# Eggplant and Pasta Charlotte



## mish (May 7, 2005)

2 eggplants (about 8 oz/250 g each)
1 tsp (5 mL) salt
1/4 cup (50 mL) extra-virgin olive oil
5 cups (1.25 L) rigatoni pasta
1 jar (750 mL) herbed pasta sauce
2 cups (500 mL) shredded mozzarella cheese (8 oz/250 g)
1/2 cup (125 mL) shredded Asiago cheese
1/3 cup (75 mL) grated Romano cheese
1/2 tsp (2 mL) each dried thyme and pepper
1/4 tsp (1 mL) dried rosemary, crumbled
2 tbsp (25 mL) dry bread crumbs

Cut eggplants lengthwise into 1/4-inch (5 mm) thick slices. Layer in colander, sprinkling each with salt. Let stand for 30 minutes. Rinse each layer to remove salt; pat dry.

In skillet, heat 2 tsp (10 mL) of the oil over medium heat; fry eggplant slices, a few at a time, until golden brown, about 3 minutes per side, adding more oil as necessary. Drain well on paper towels.

Meanwhile, in large pot of boiling salted water, cook rigatoni until tender but quite firm, about 7 minutes. Drain well and return to pot. Add pasta sauce and mozzarella, Asiago and Romano cheeses; stir to combine. Stir in thyme, pepper and rosemary; set aside.
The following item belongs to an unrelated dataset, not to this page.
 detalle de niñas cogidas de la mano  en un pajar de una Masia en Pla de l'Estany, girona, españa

Lightly brush 8-1/2-inch (2.25 L) springform pan with olive oil. Sprinkle with half of the bread crumbs. Line side of pan with overlapping slices of eggplant, making sure each extends to rim of pan and leaving no gaps. Cover bottom with overlapping slices of eggplant. Spoon pasta mixture into pan, pressing lightly. Sprinkle with remaining bread crumbs. (Make-ahead: Let cool for 30 minutes; refrigerate until cold. Cover with plastic wrap and refrigerate for up to 24 hours. Uncover and add 15 minutes to baking time.)

Cover with foil. Bake in 375°F (190°C) oven until steaming, about 30 minutes. Let stand for 15 minutes. Run tip of knife around pan to loosen. Invert onto serving platter and unmould.


----------



## QSis (May 8, 2005)

Mish, 

Have you tried this?  Wondered how it slices.   I'm always looking for good and different egglplant recipes - most are too bland.
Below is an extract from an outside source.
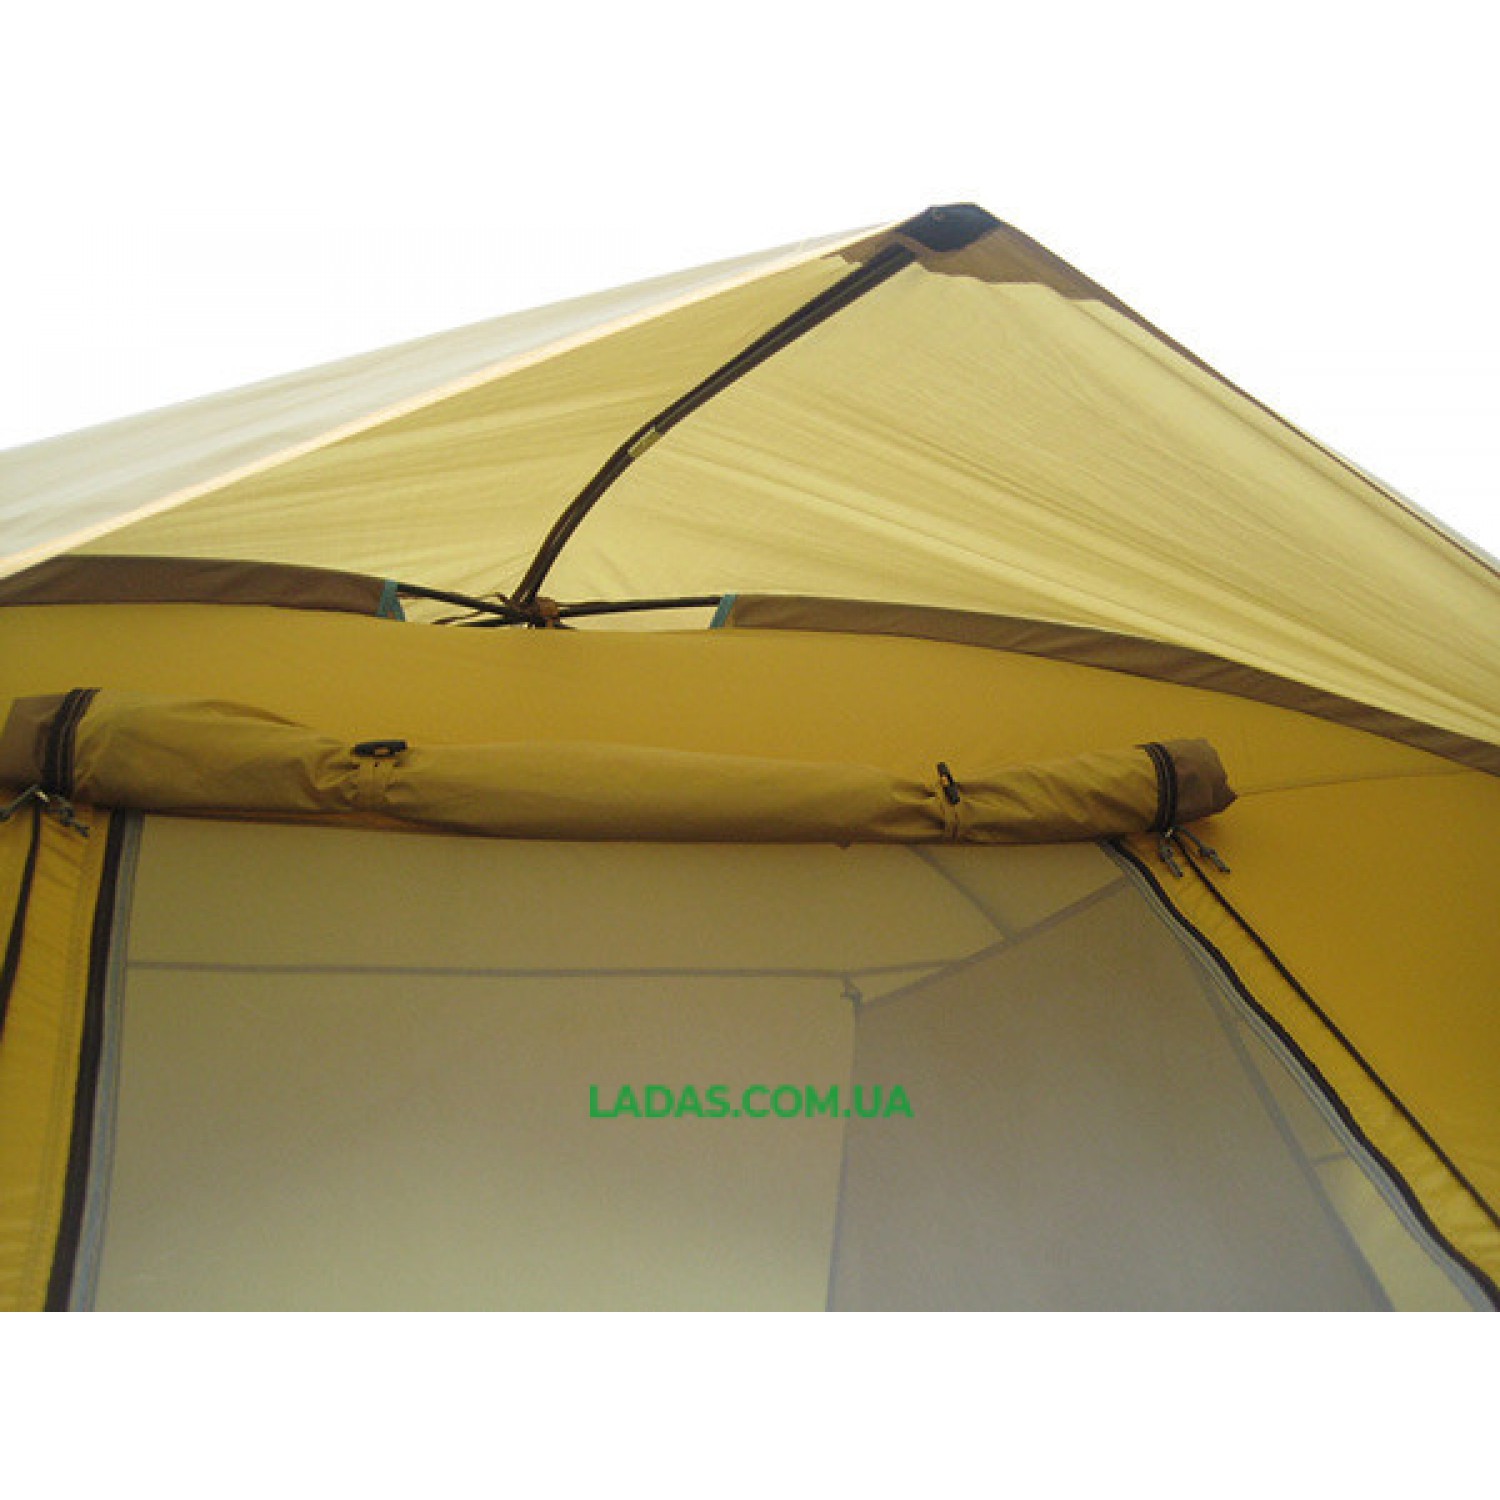 Палатка четырехместная Green Camp 1100 коричневая

I'm printing this out to try, but I think it's important what sauce is used.  My favorite commercial pasta sauce is Barilla's Green and Black Olive sauce.  I don't even have to doctor that one up - just use it out of the bottle from the supermarket shelf!

Lee


----------



## buckytom (May 9, 2005)

mish, another one for the "must try" list. you've been batting a thousand lately with your recipe posts. 
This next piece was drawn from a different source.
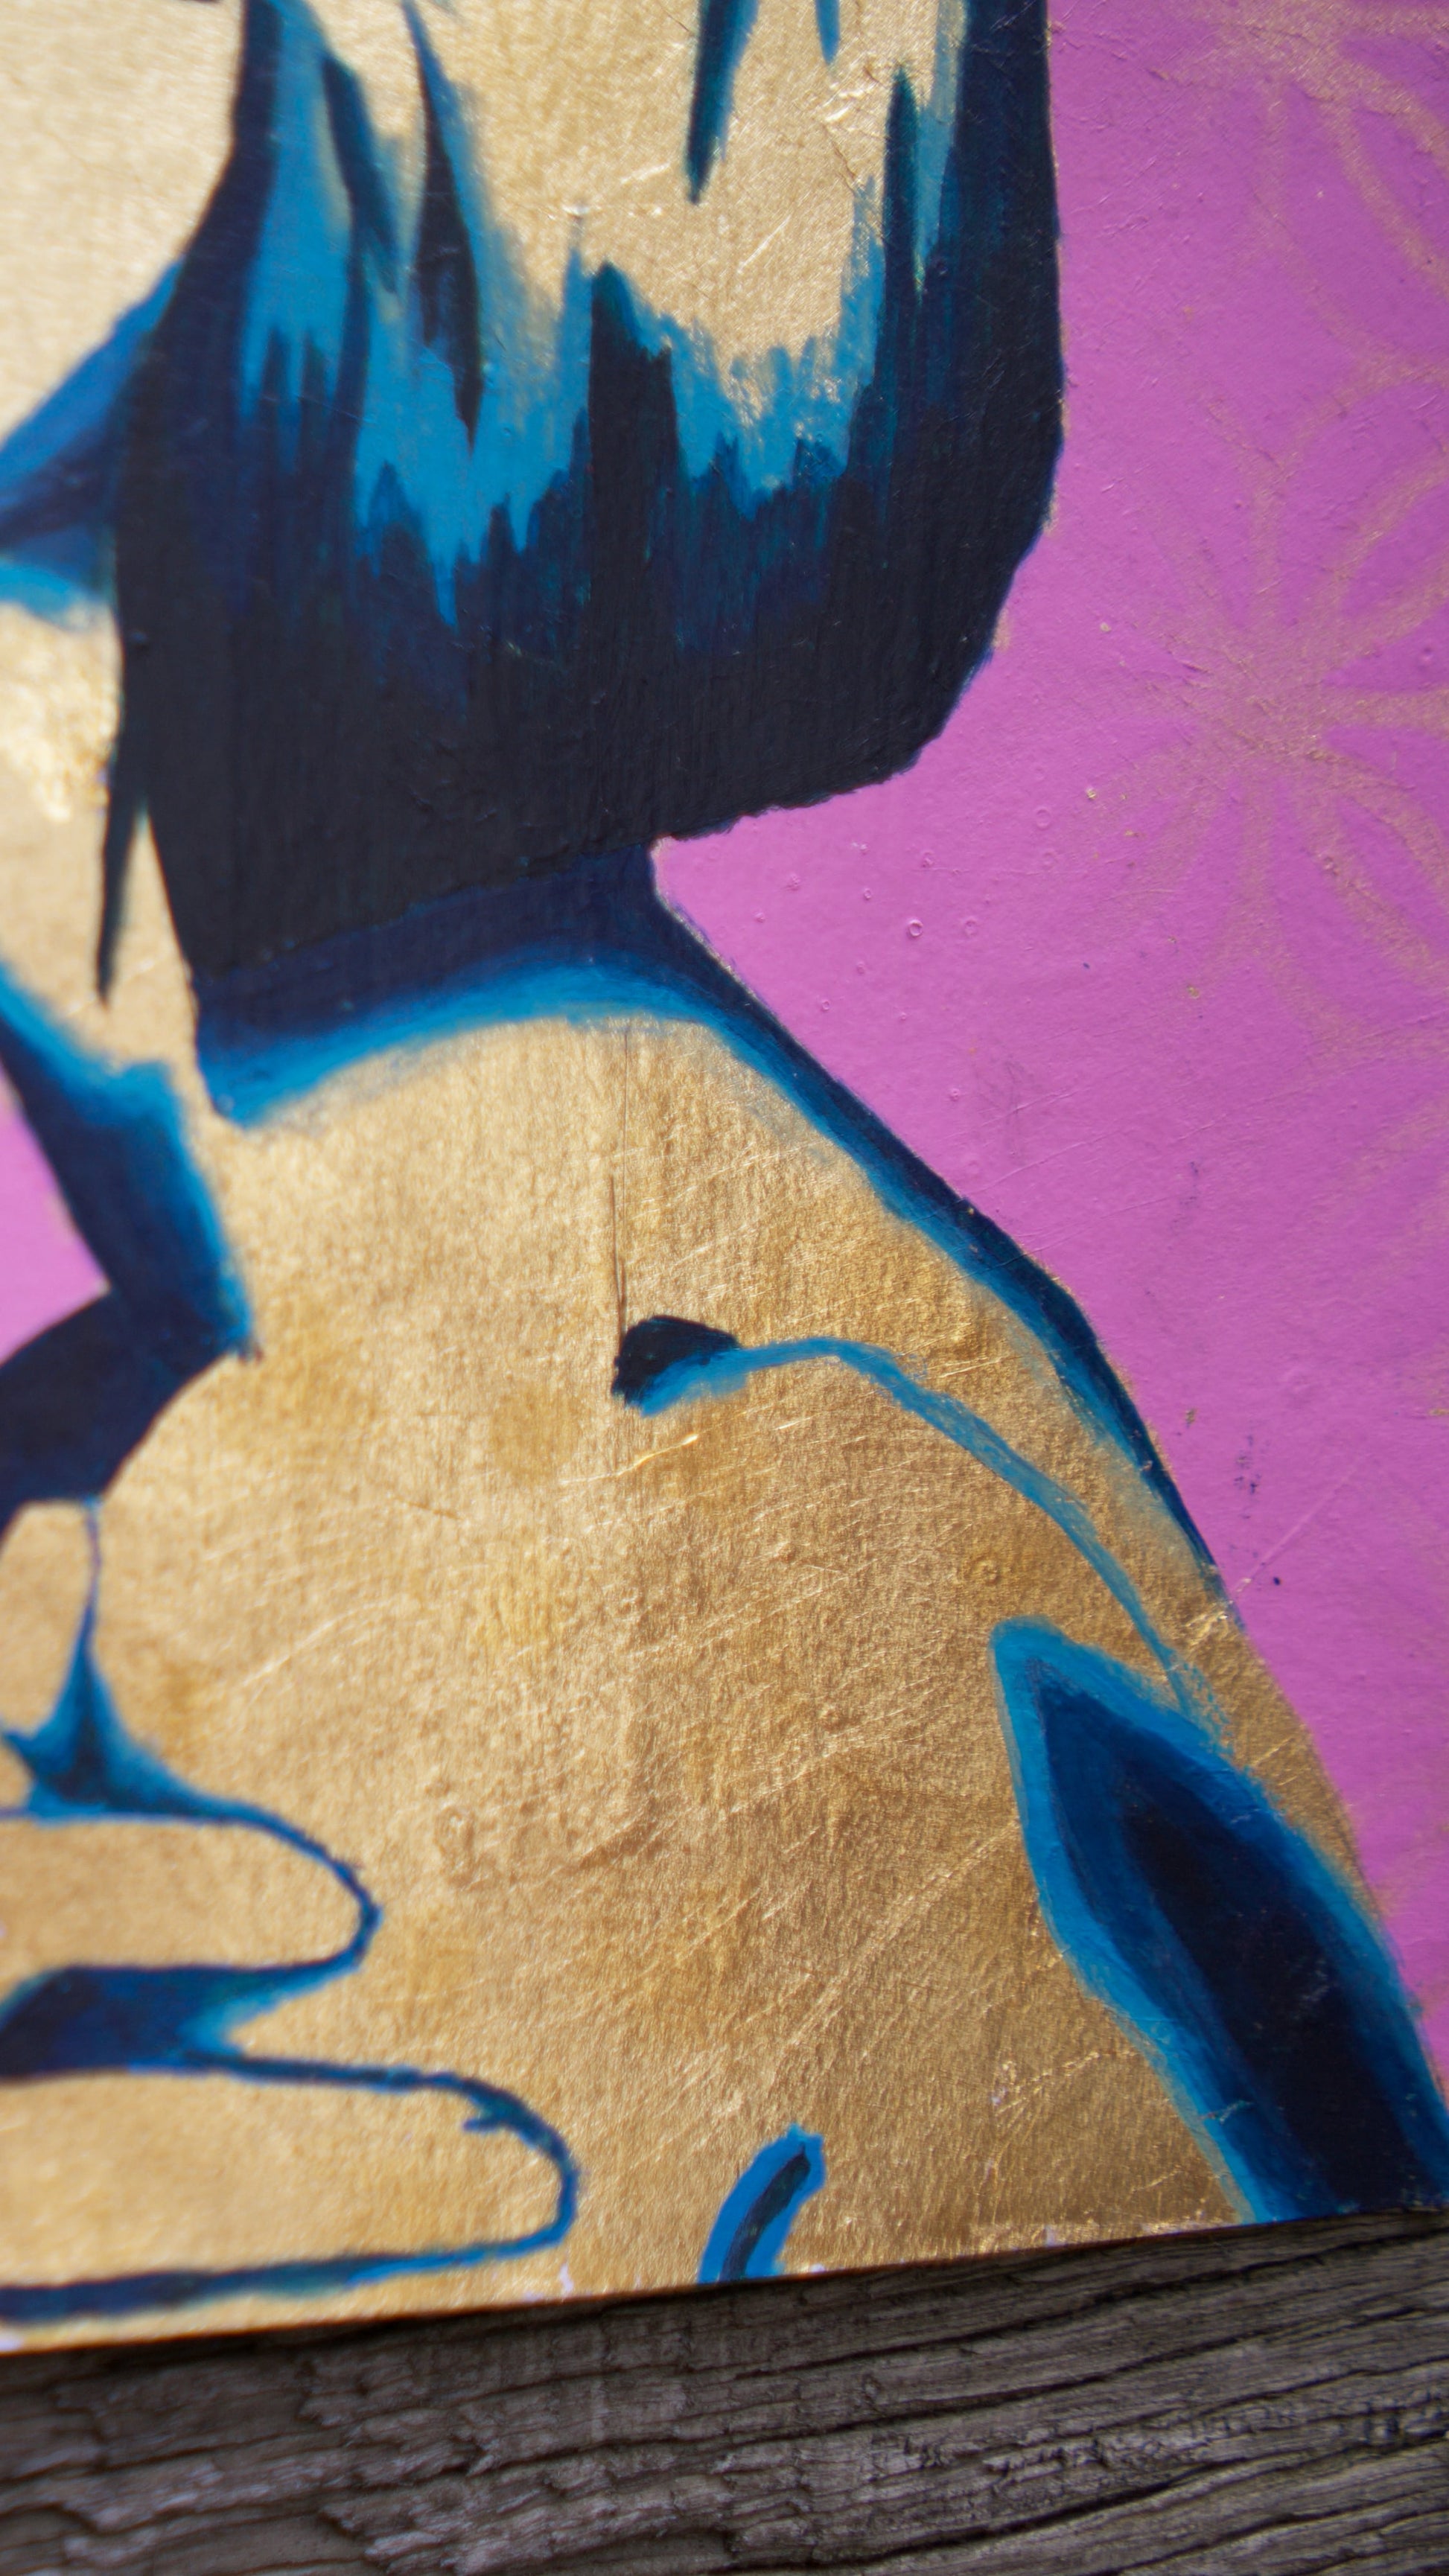 abstract art portait of a Woman on A4 Paper Blue & Pink Stencil Art Street Art melbourne wall art

this dish looks to me like a really kicked up eggplant rollatini, one of my faves.
btw, it's fun to read it with a heavy canadian accent, adding a lot of "eh's?".
Cut eggplants lengthwise into 1/4-inch (5 mm) thick slices, and don't use your hockey skates, eh? get out a real knife ya hoser. just cause there's no league doesn't mean you need to find new uses for your skates. Layer in colander, sprinkling each with salt, eh? Let stand for 30 minutes, or enough time to go pick up some carlings. Rinse each layer to remove salt; pat dry, eh?


----------



## In the Kitchen (May 9, 2005)

*Saw It*

I better not too many days go by without checking to see if someone has recipe for eggplant.  Our family favorite.  Can't figure what the attraction is but I almost always fix it.  I thank you for sharing as it sounds very good.  Everytime I fix it seems like I am sitting in sandbox trying to put everything together.  Only way to describe my work in the kitchen.  Everything on top of each other.  But at least when it if finished worth the mess.  Thanks very much for consideration. The hint about Barilias  was helpful too.  Have to look for that one.


----------



## In the Kitchen (May 10, 2005)

*Seeds*

Could you tell me how come this eggplant I just bought has not seeds?  Is this eggplant?  Or do you think they grow it in some kind of containers that don't get good ground?  There hardly is any seeds but on the outside looks like a picture.  Have to eat it regardless.  I am beginning to wonder what I am buying here lately.


----------



## buckytom (May 10, 2005)

itk, i'm guessing you bought an eggplant that was picked early, before it was able to develop it's seeds. those are more desireable since the entire eggplant is useable flesh, not a pocket of seeds which are often scooped out in many recipes.


----------



## mish (May 10, 2005)

IntheKitchen, think you "lucked out."  If I recall, read or heard, when buying an eggplant, choose one lighter in weight, as they have less seeds.


----------



## mish (May 10, 2005)

Qsis, made it quite a while ago. I use a glass pyrex dish. Re cutting it, as with pastitsio, I let it rest after I remove it from the oven to firm up a bit. Hope that helps.


----------



## In the Kitchen (May 10, 2005)

*buckytom/mish*

Thanks!  Figured like everything else, got gyped.  But not so this time!  I truly depend on your opinions so much which encourages me to continue working making the dish.  I always have felt eggplant is something you have to 'want' to do. Guess I'll continue to shop at that store since you gave me advice. The frozen eggplant tastes just like the box.  No extra flavor.  Thanks for helping me with this.  Gives me kind of lift.  Just like exercise, when you are finished how grateful you are.  May your day go well too.


----------



## mish (May 10, 2005)

IntheKitchen, sounds like you're a big fan of eggplant, as I am. Here are two favorite sites, I hope you'll enjoy. One of my faves..slice it, dip it in egg, then breadcrumbs, fry it up & serve as an appetizer or on crusty bread as sammich with Mozzarella & tomato sauce.  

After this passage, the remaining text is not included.